Христианин участвует в Литургии, являясь ее сослужителем, а, значит, он пришел в храм не просто для того, чтобы просить что-то для себя лично, но в этот момент сам сделался Церковью. Поэтому Литургия обнимает собой не только весь космос, но и каждого человека отдельно со всеми его печалями и тяготами. Веровать в Святую Апостольскую Церковь — значит верить в то, что она все твои прошения, всю глубину твоей скорби, всю твою радость, все твои тревоги, все твои благодарения принесла к Престолу Божию.
* * *
Люди, не осознающие всеобъемлющего значения Церкви, часто просят священника специально помолиться по какому-то конкретному поводу, хотя в самой Литургии присутствует исполнение всех прошений. В практику нашей Церкви вошло служение молебнов и панихид после Литургии. Но раз ты стоишь в Церкви, Господь видит тебя вне зависимости от того, подал ли ты записку или нет. Он прежде твоего прошения знает обо всем, в чем ты нуждаешься, обо всем, что ты собираешься у Него попросить.
На мой взгляд, служить молебен после Литургии бессмысленно.

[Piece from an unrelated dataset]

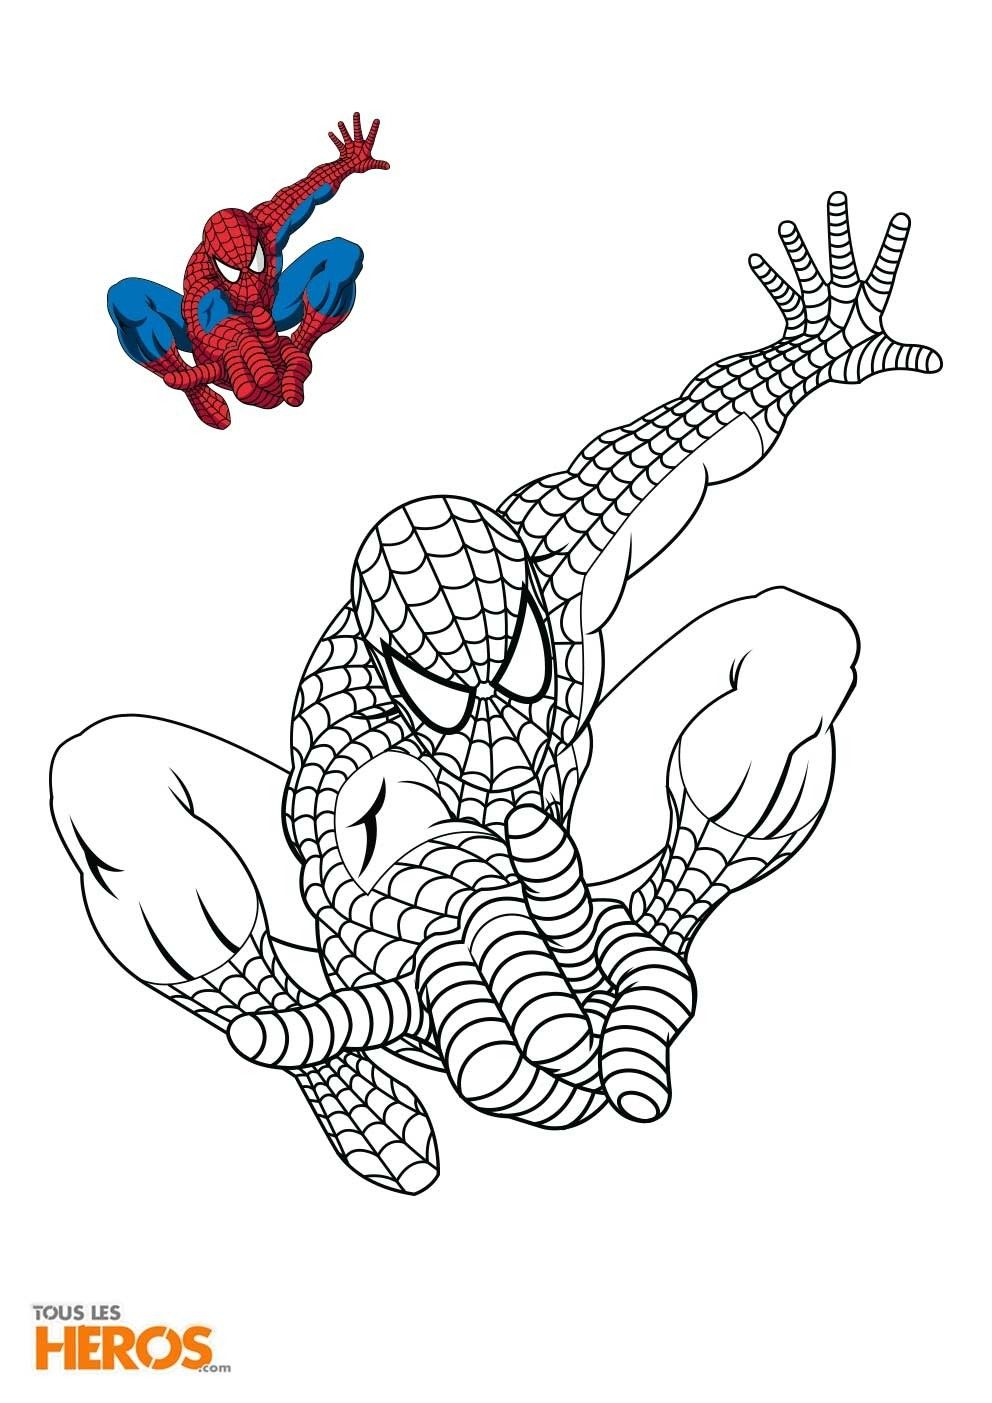 Coloriage A Imprime Spiderman  Spiderman coloring, Marvel
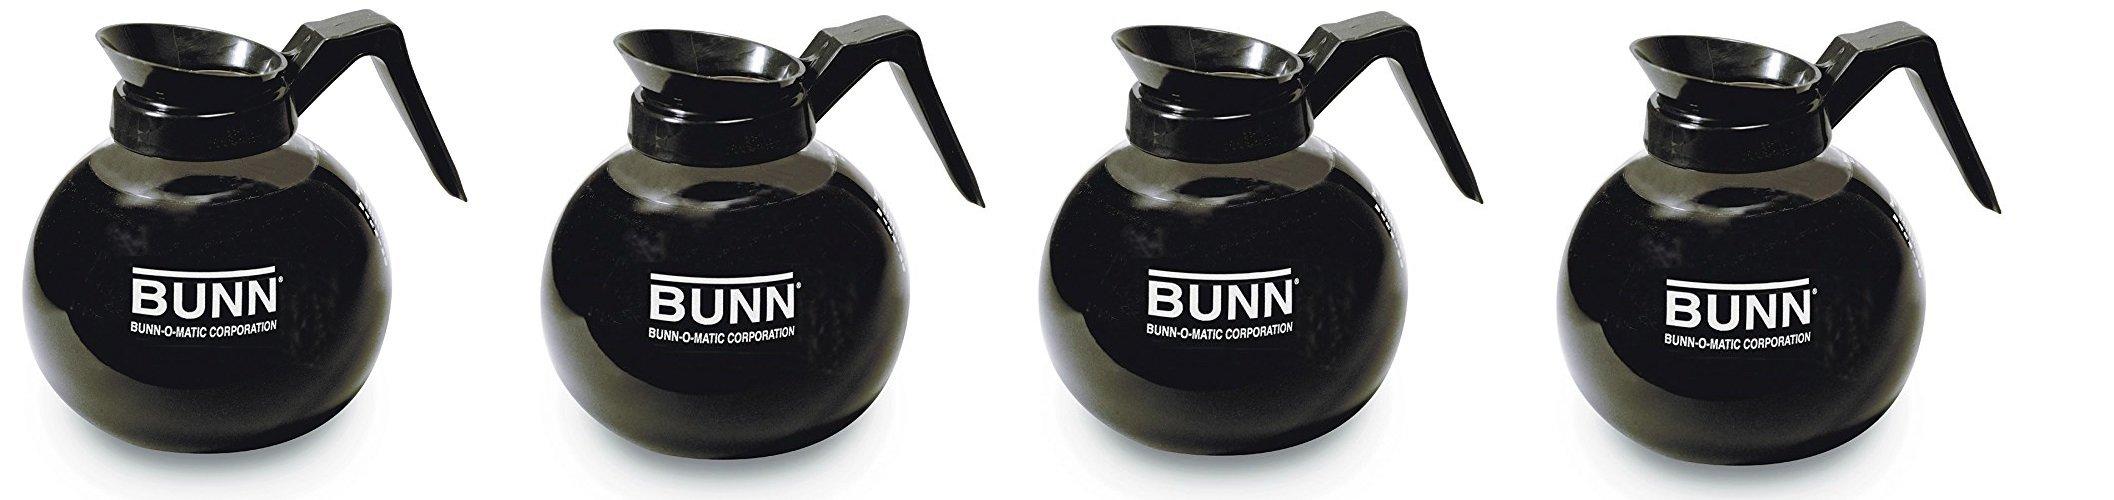 BUNN 12-Cup Glass Coffee Decanter, Black rGzPkV, 4Pack (Coffee Decanter)

Эта традиция прижилась исключительно из-за того, что часть людей, пришедших на службу в храм, участвует в Литургии, а часть — лишь присутствует при этом, ожидая «главного»: сейчас прозвучит их личные просьбы и батюшка начнет молиться об их здоровье, об их успехе и благополучии, хотя все эти прошения и без того включены в Литургию. Спаситель мира приносит жертву за всех и за вся.
Возникает закономерный вопрос: зачем же тогда вообще существуют молебны, зачем мы служим панихиды? Они присутствую в церковной жизни в качестве внелитургических действий. Ни в Греции, ни в Болгарии молебны после Литургии не совершаются, да и в России прежде такой практики не было. Священника приглашали в дом или в какое-то другое место, где он служил молебен по конкретному поводу, например, на ниспослание дождя.
Однако если есть нужда помолиться о ком-то особенно, например, о болящем, то о нем должна молиться вся Церковь, а не только священник. Для этого существует специальные прошения, дополняющие сугубую ектенью, — о путешествующих и плененных, о страждущих и болящих.
* * *
Заканчивается Литургия слова ектеньей об оглашенных.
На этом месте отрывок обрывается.